Además, el pueblo “se cepillaban” con ramas de romero; masticaban un extremo hasta que las fibras se deshilacharan y con eso se tallaban los dientes; mientras que si eras rico podías frotarte los dientes con paños de lino y ceniza. Bueno y el dentista de la época era el barbero que de paso, te cortaba el pelo, te sacaba un diente o te acomodaba un hombro dislocado.

Bueno, ahora sí vamos con los países europeos.
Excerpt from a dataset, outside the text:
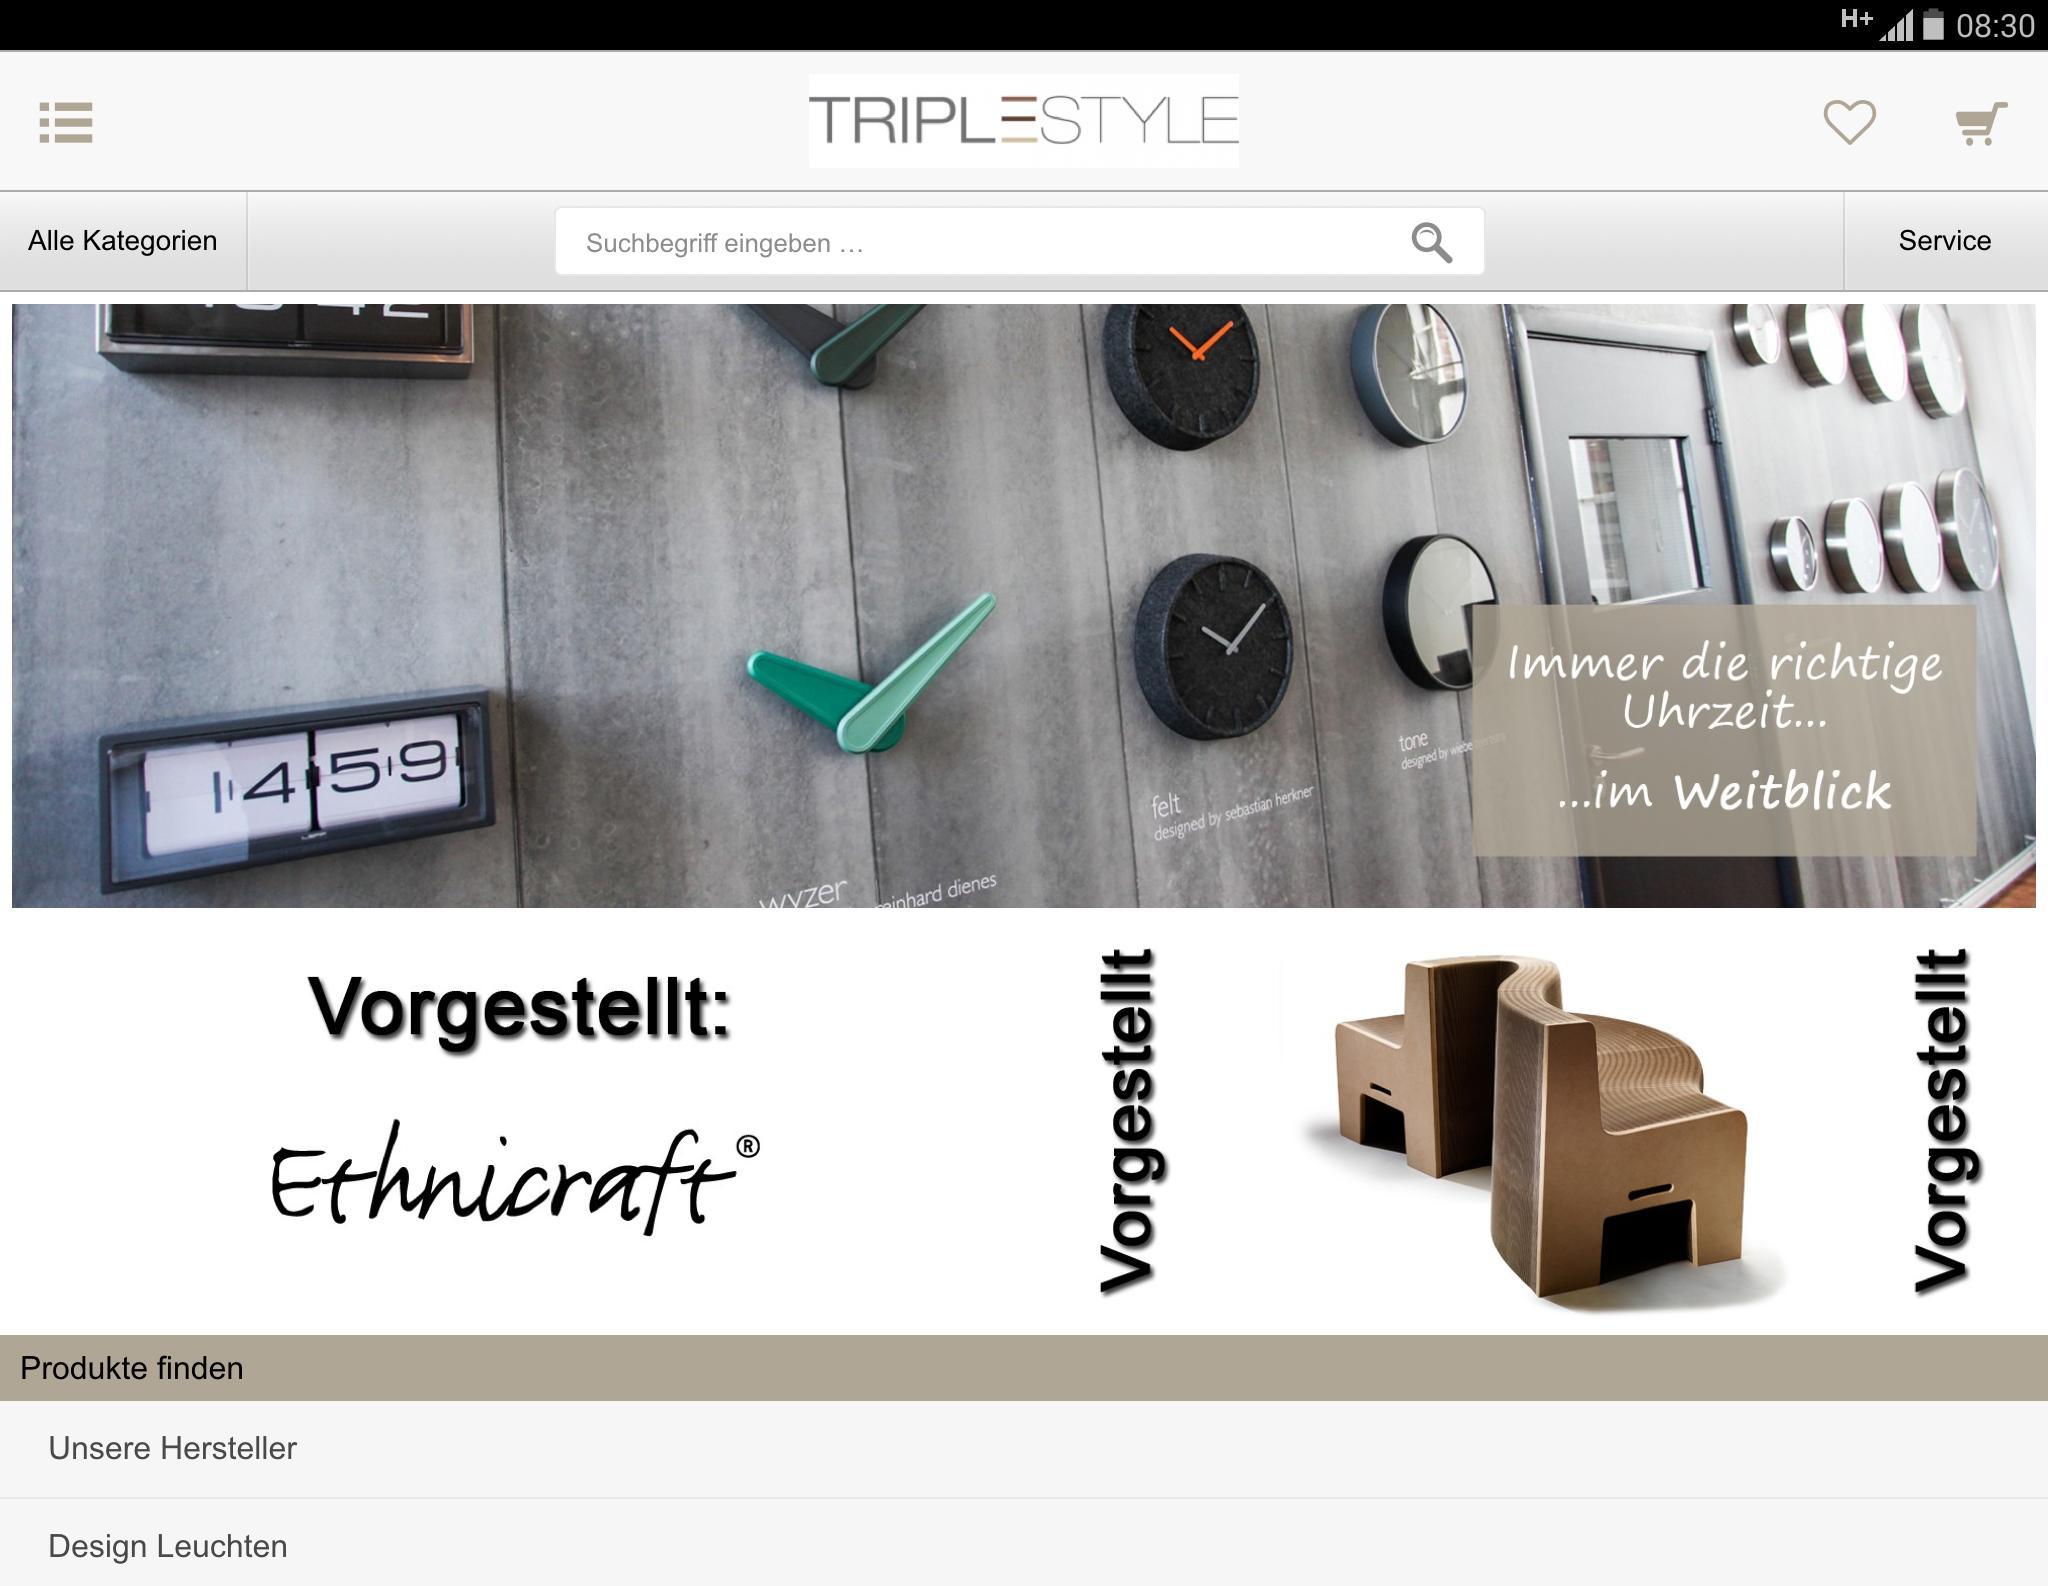 123style.de design möbel for android - apk download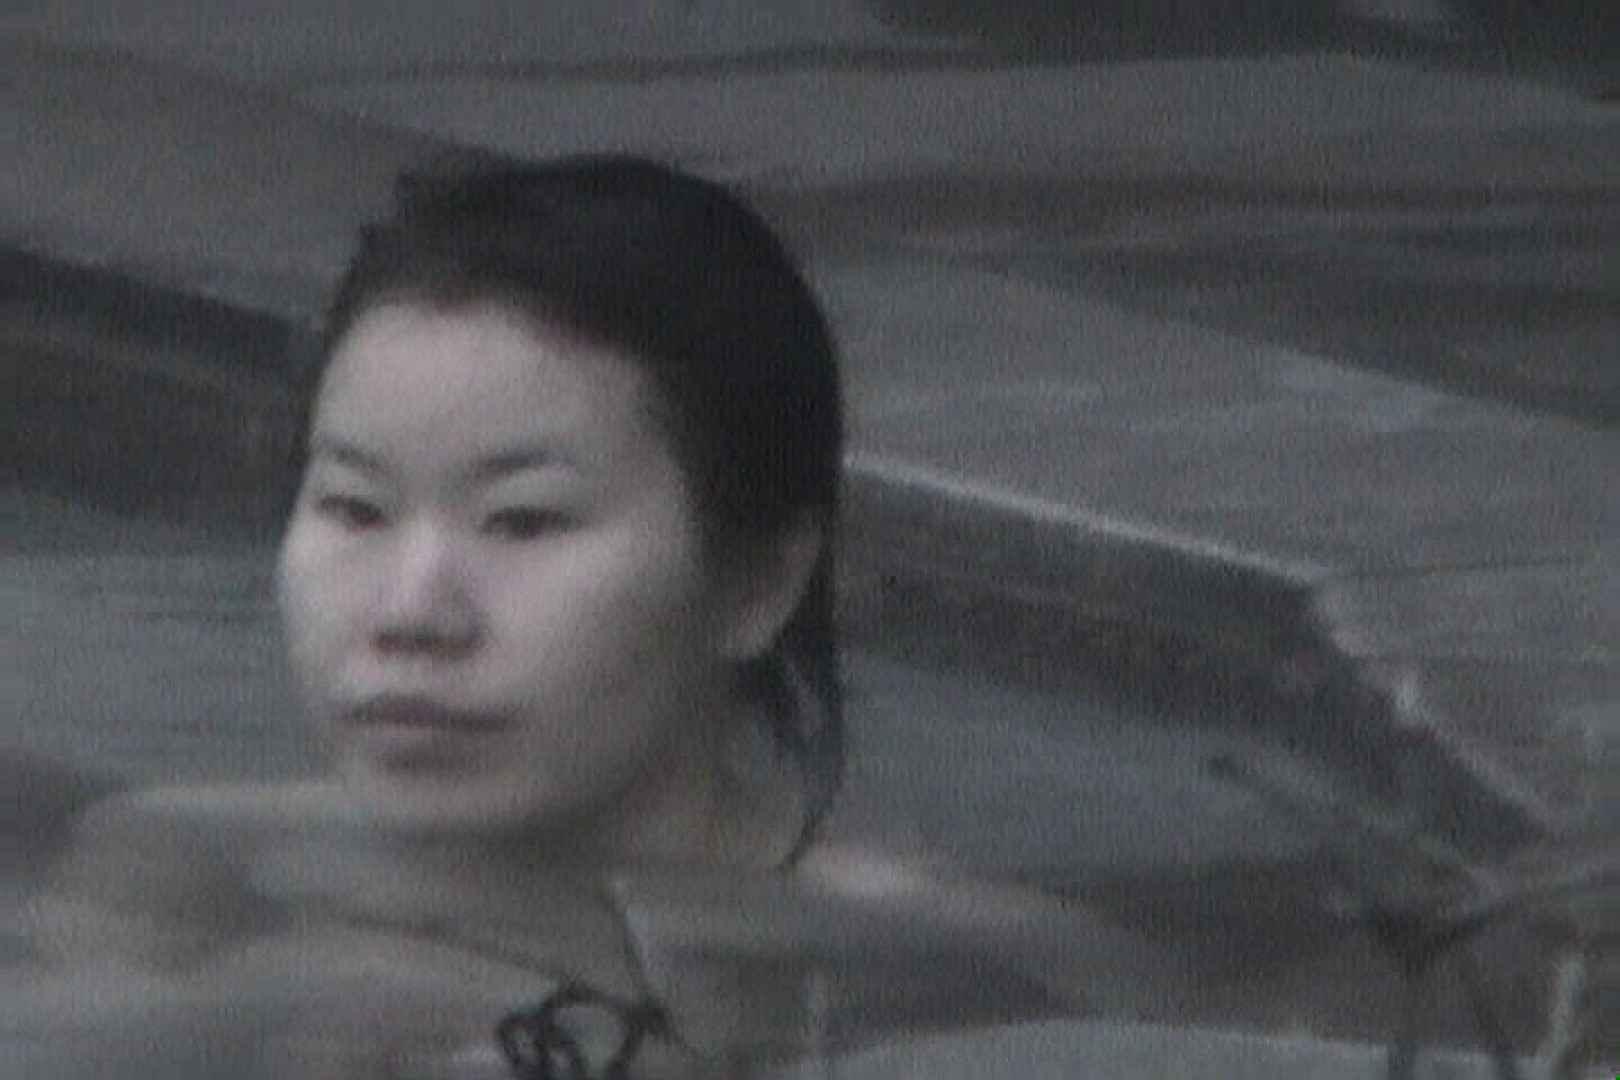 Aquaな露天風呂Vol.556 露天風呂編  99PIX 22

Los que menos se lavan los dientes son: Croacia, Eslovaquia, Letonia, Bulgaria, Estonia y Lituania. Es decir, Europa del este.  De nuevo, las mismas consecuencias: caries por dietas altas en azúcar, dientes perdidos, tabaquismo, acompañado de sistemas preventivos menos fuertes que en el norte de Europa.

Le siguen Europa del sur y del este, algunos países del Asia Oriental y el sudeste asiático, en donde confiesan cepillarse todas las noches, nada más. Aquí también se encuentra Latinoamérica y de nuevo, la cultura dental difiere entre el campo y la ciudad.

Los ganadores, con un 70-80 por ciento de  cepillado dos veces al día (con pasta de dientes con flúor) son los países nórdicos y centroeuropeos. Si vamos con nombre propio, el premio se lo llevan Dinamarca y Suecia; seguido de Noruega, Finlandia, Países Bajos, Alemania, Bélgica y Suiza.

Le siguen Japón y Corea del Sur que se destaca por un sistema odontológico muy desarrollado, con muchos dentistas, aunque sigue haciendo retos en zonas rurales.

Creo que al final, la frase de Víctor Hugo se puede ajustar así: «tu sonrisa, sin importar si es perfecta, amarilla, mueca o llena de caries,  es el idioma universal de los hombres”, y de paso, refleja tu condición social, quieras o no. Porque todos tenemos cepillo, pero no educación preventiva ni recursos para cuidar de nuestra sonrisa. Así que hasta en la sonrisa se sigue viendo la desigualdad en la que vivimos, no solo en México sino el el mundo entero.